Andrew Moffat quote: it’s time "the bubble was burst for the houseboat owners" & "if somebody had paid £800,000 to buy a boat then they had paid the wrong people.  They should have paid [CYBC] for the cost of the mooring & only £100,000 to the boat owner”

This has long been a bone of contention; he is correct; although people have been prepared to pay silly money as a premium for boats on residential or other moorings - on the BW canals as elsewhere - the fact is that the value of the premium does not attach to the boat without consent of the moorings owner/operator. People have protested in the past about marinas charging for boats sold on their moorings, but the fact is that the percentage 'cut' demanded in such situations invariably came in at far less than the extra commanded by the boat sellers.

As I had to comment in a news article during the ODPM consultation – any premium payable belongs to the party that has the ‘gift’ of the consent to moor there.

Since BW began addressing the situation some years back, insisting that pleasure boat mooring agreements were personal to the owner not the boat [official 'houseboats' being in a different category], the sale prices of such boats dropped to a more realistic market level.
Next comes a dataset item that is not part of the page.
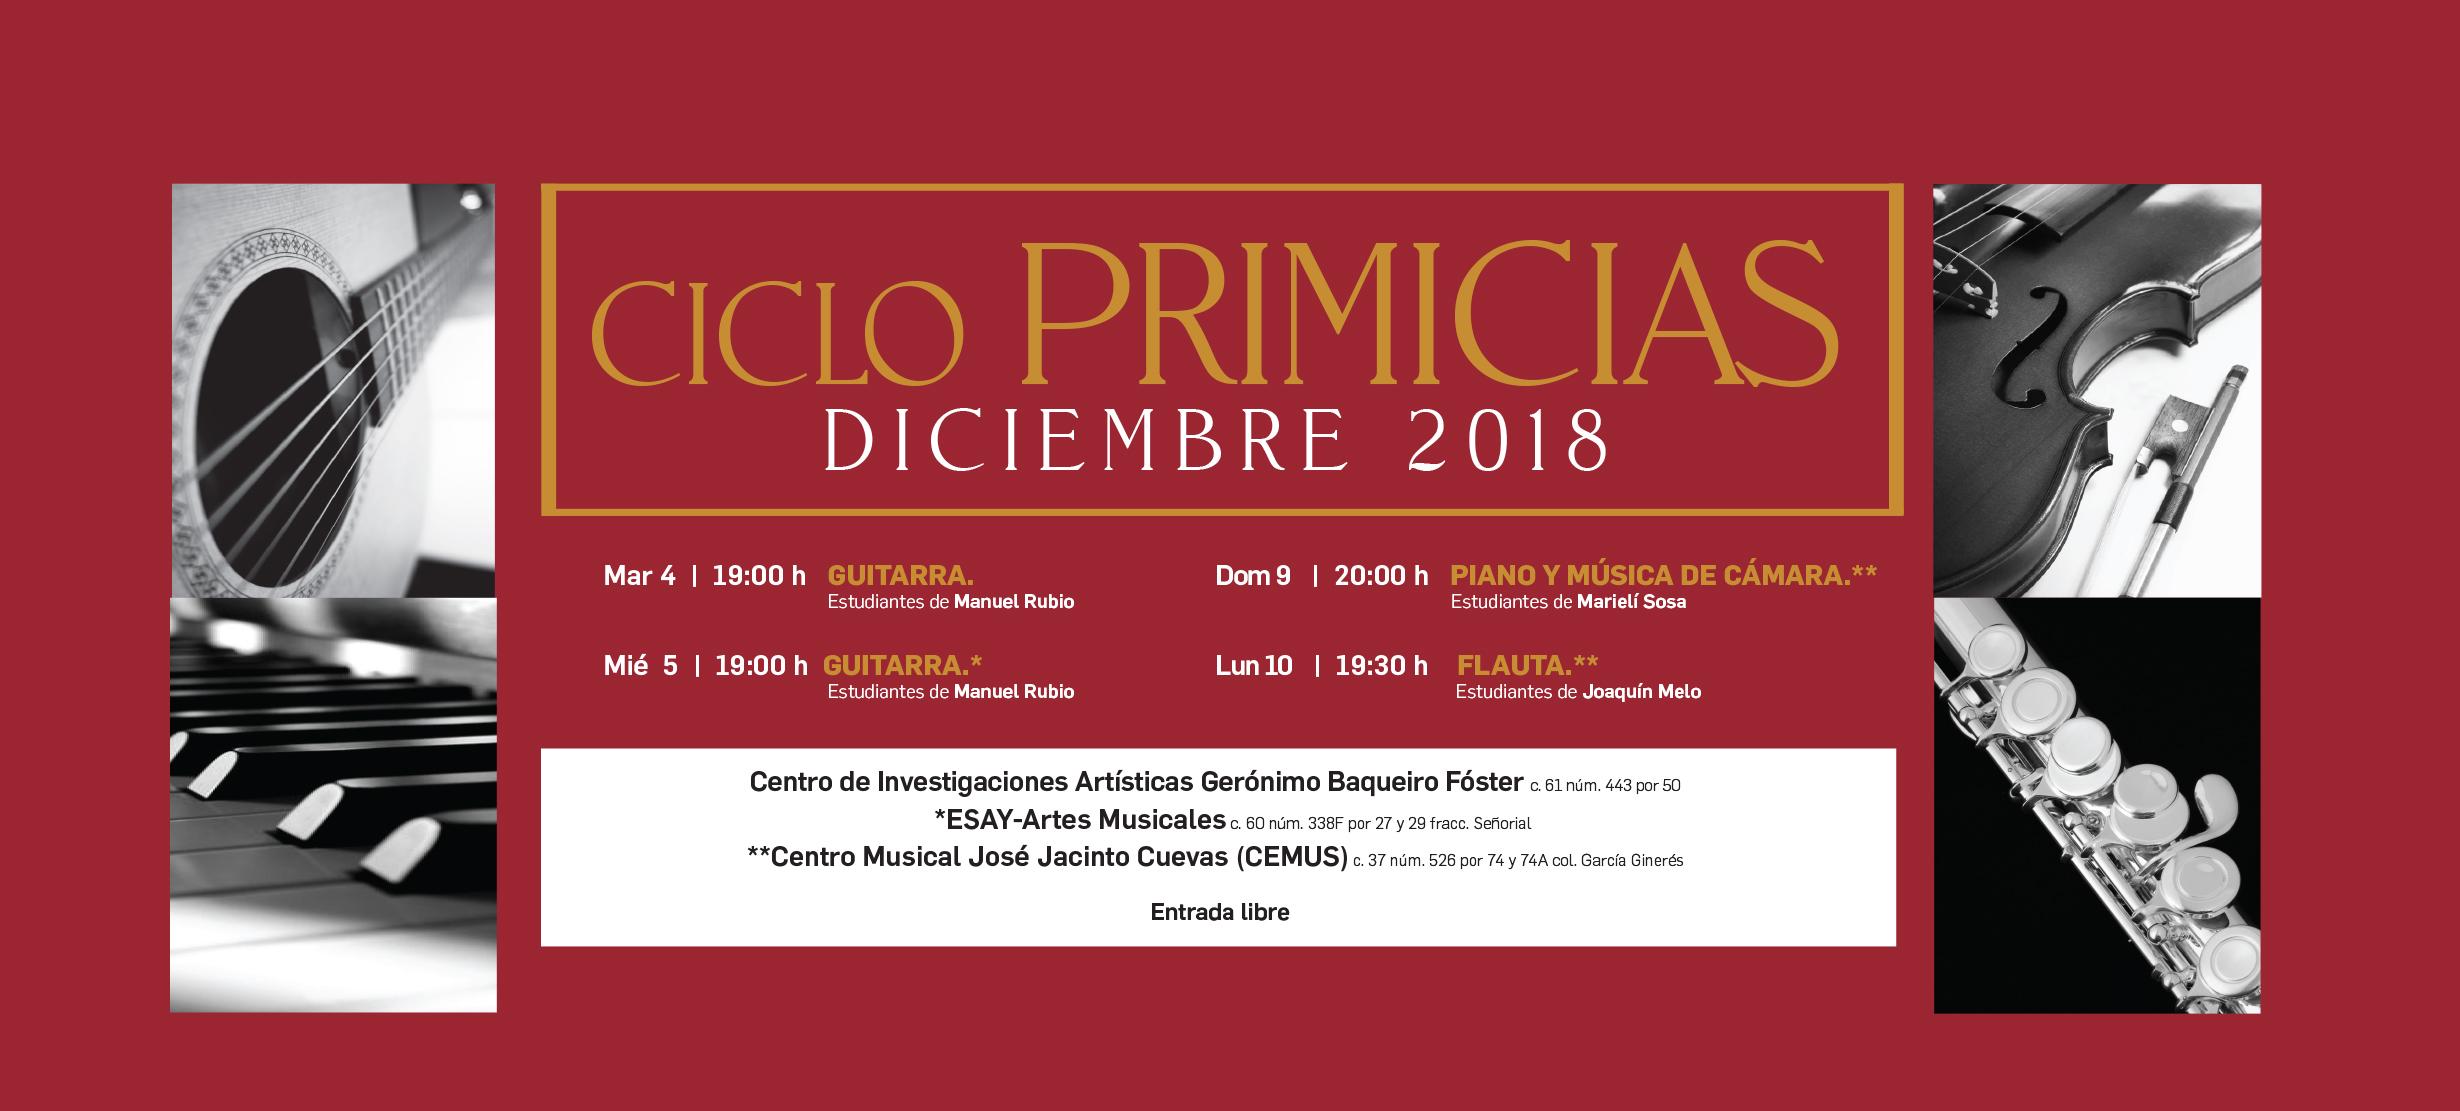 Ciclo_Primicias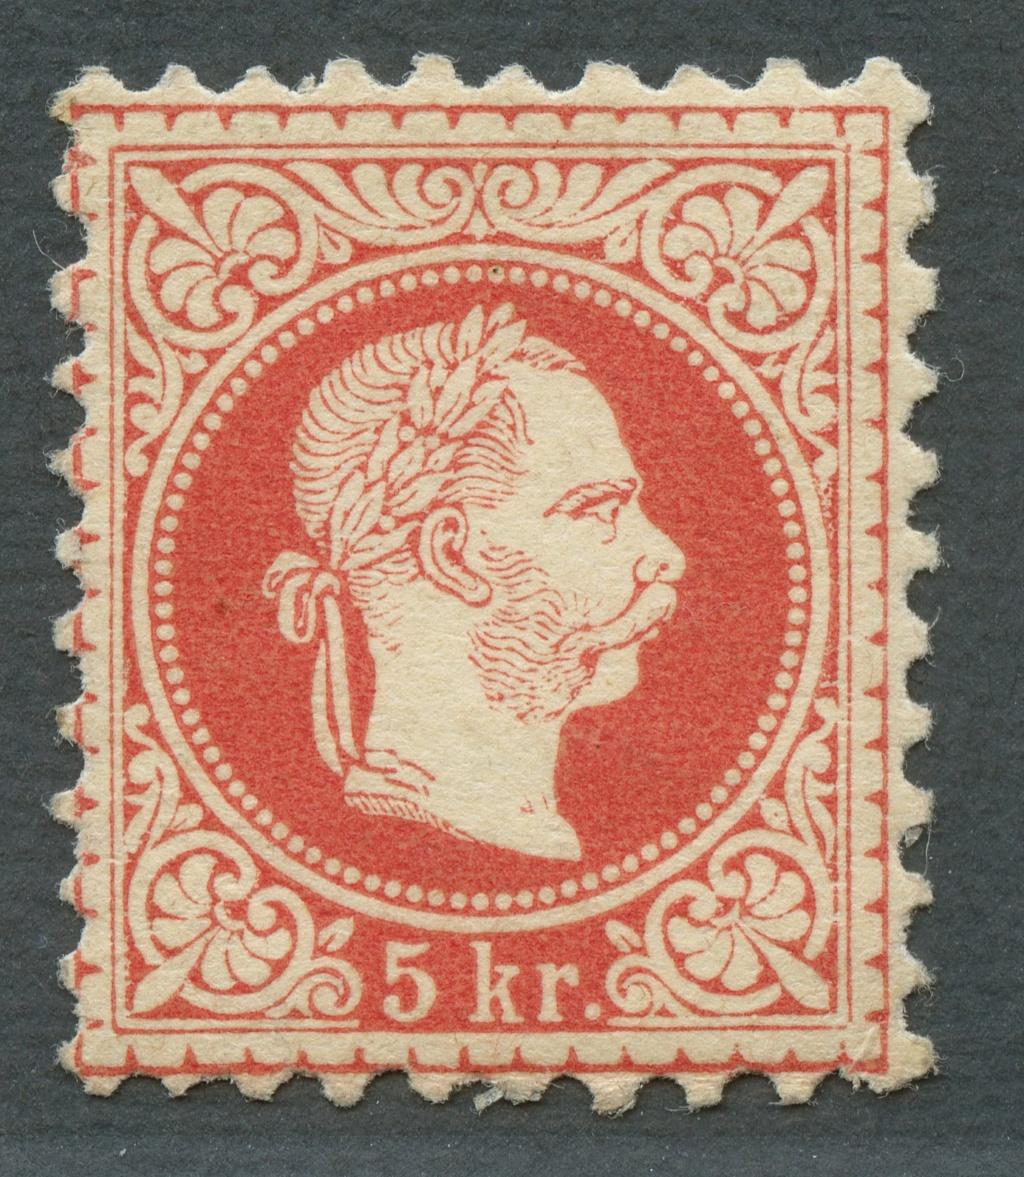 Nachtrag - Freimarken-Ausgabe 1867 : Kopfbildnis Kaiser Franz Joseph I - Seite 22 Ank_3710

A disturbing element appears from the news that Cadogan Pier boats that have been used as homes for many years on an 'under the radar' basis, could be threatened now with RBKC planning enforcement action, following an application [now withdrawn] by the pier owner for a lawful use certificate for residential moorings. That came hot on the heels of the pier's advert for a £2.25 million houseboat on the pier; one would have to be a chancer to pay out those sums for a 'boat' that has no relevant planning consent for its use.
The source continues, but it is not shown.